## WORK ORDER:
Please restate the data that follows word for word, with the pictures left out.

## DATA PROVIDED:
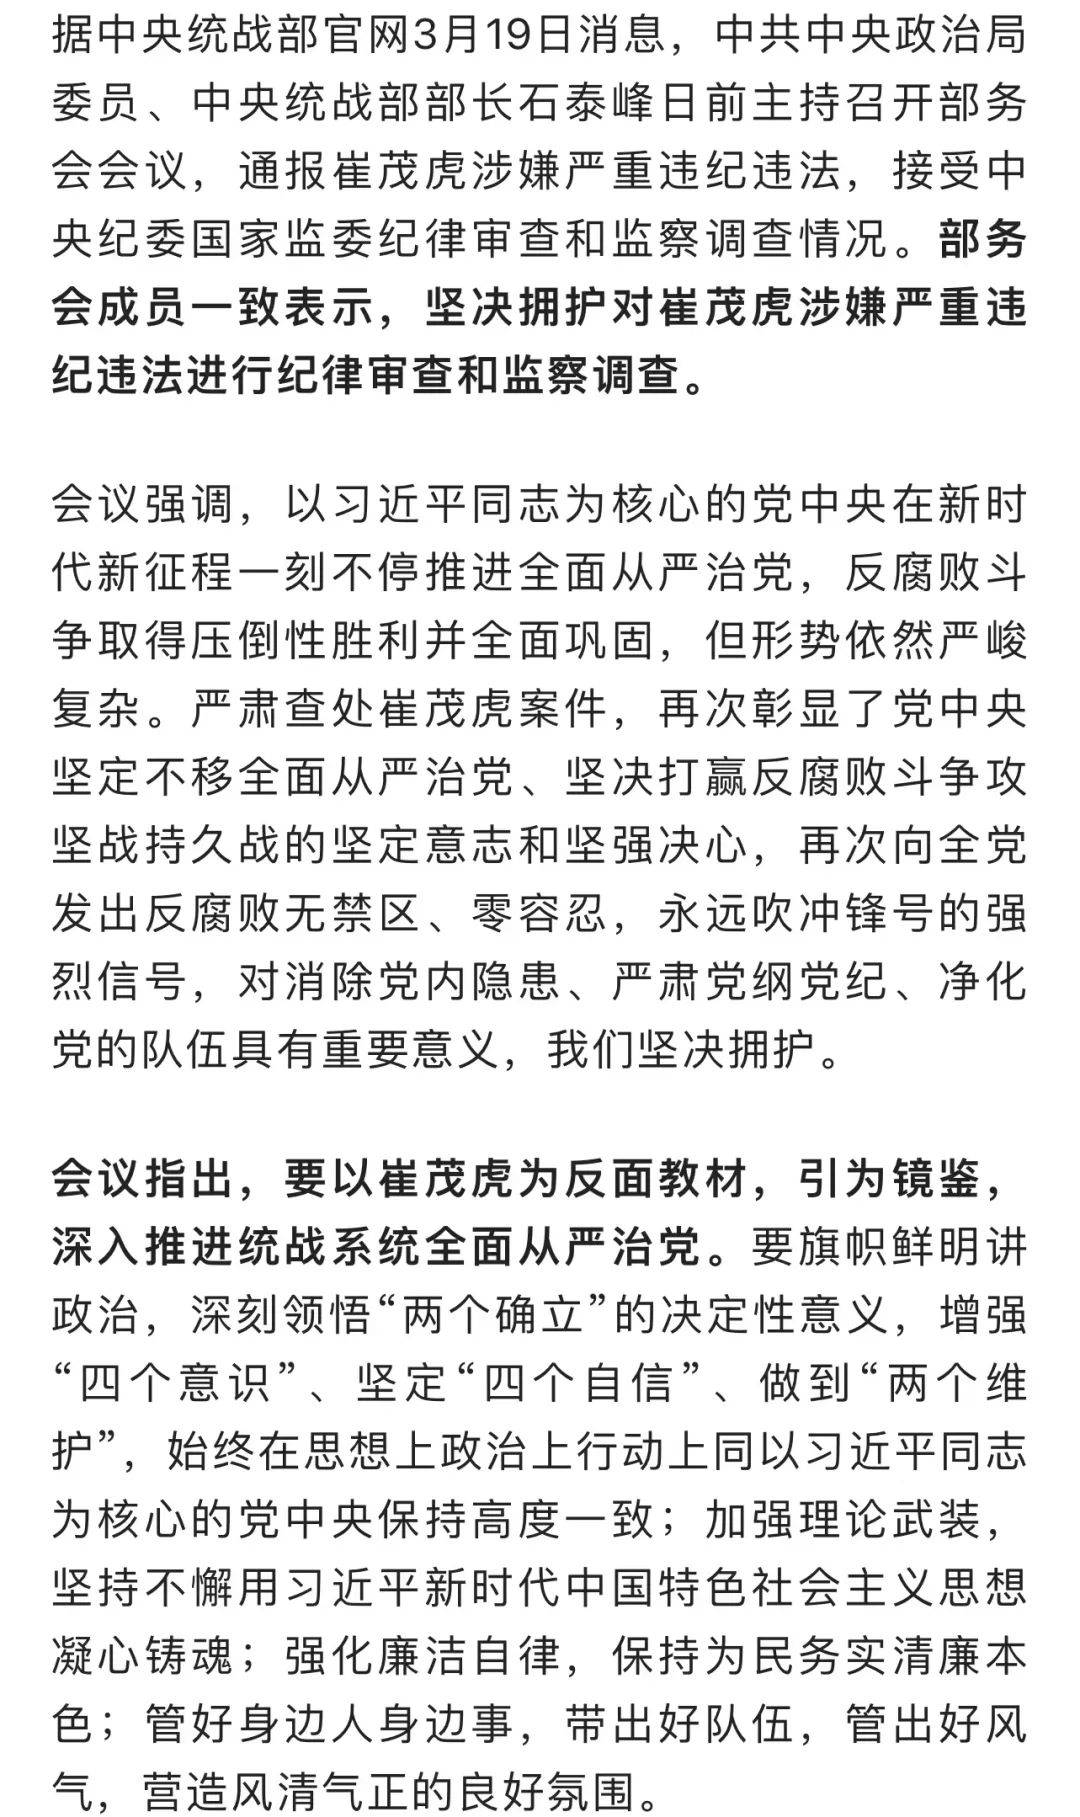 天之痕苹果版:中央统战部：坚决拥护对崔茂虎进行审查调查
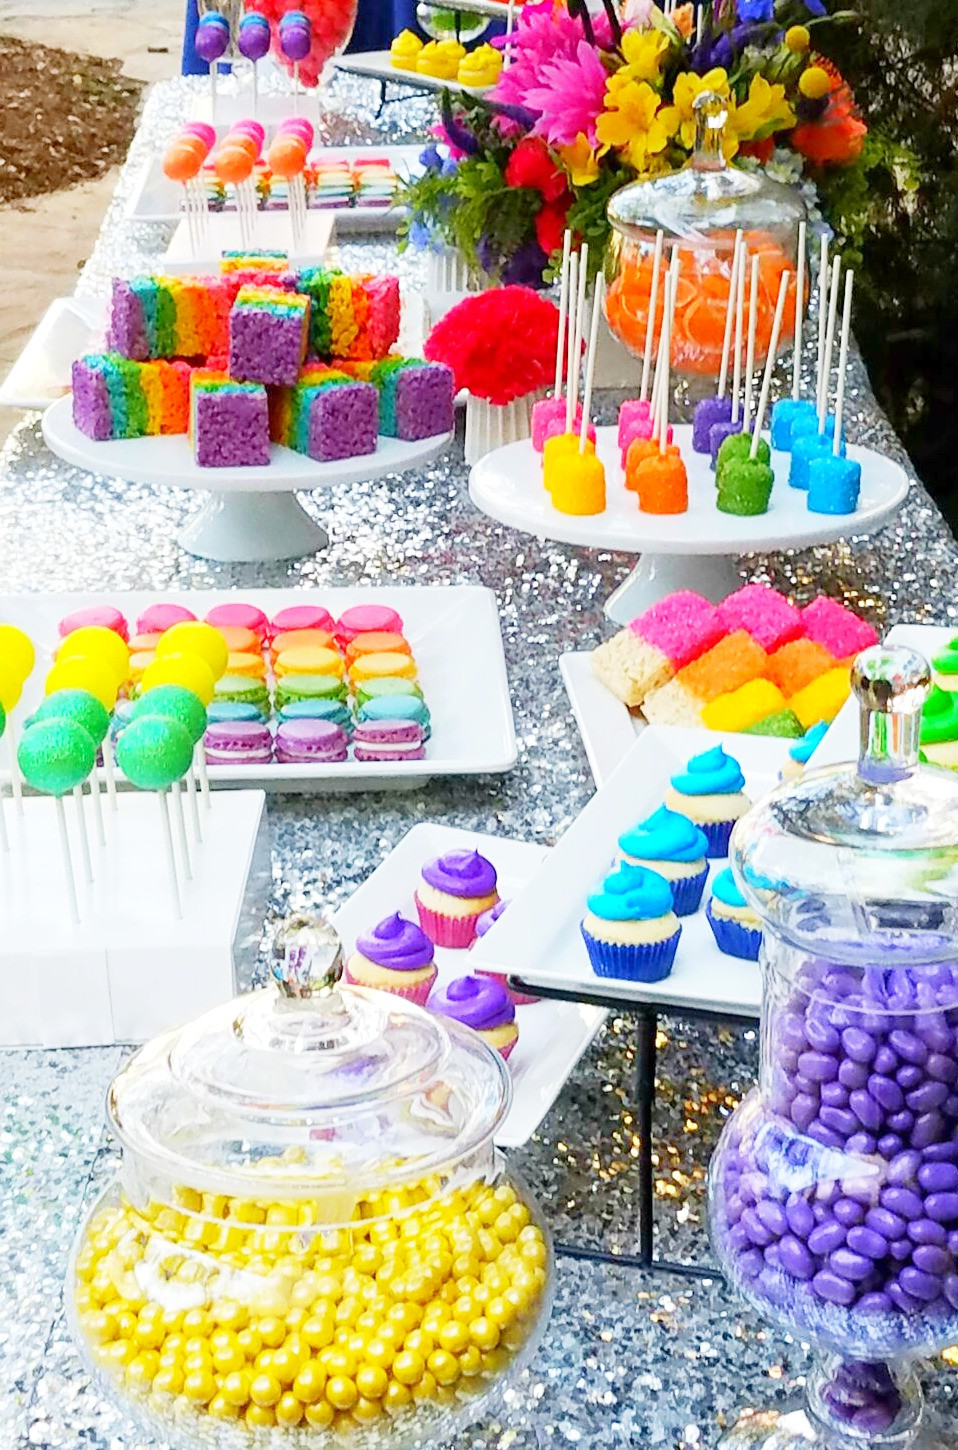 Dreamworks Trolls Birthday Party Ideas
 DREAMWORKS TROLLS THE BEAT GOES ON Birthday Party Candy

## TASK SOLUTION:
 天之痕苹果版:中央统战部：坚决拥护对崔茂虎进行审查调查
 Dreamworks Trolls Birthday Party Ideas
 DREAMWORKS TROLLS THE BEAT GOES ON Birthday Party Candy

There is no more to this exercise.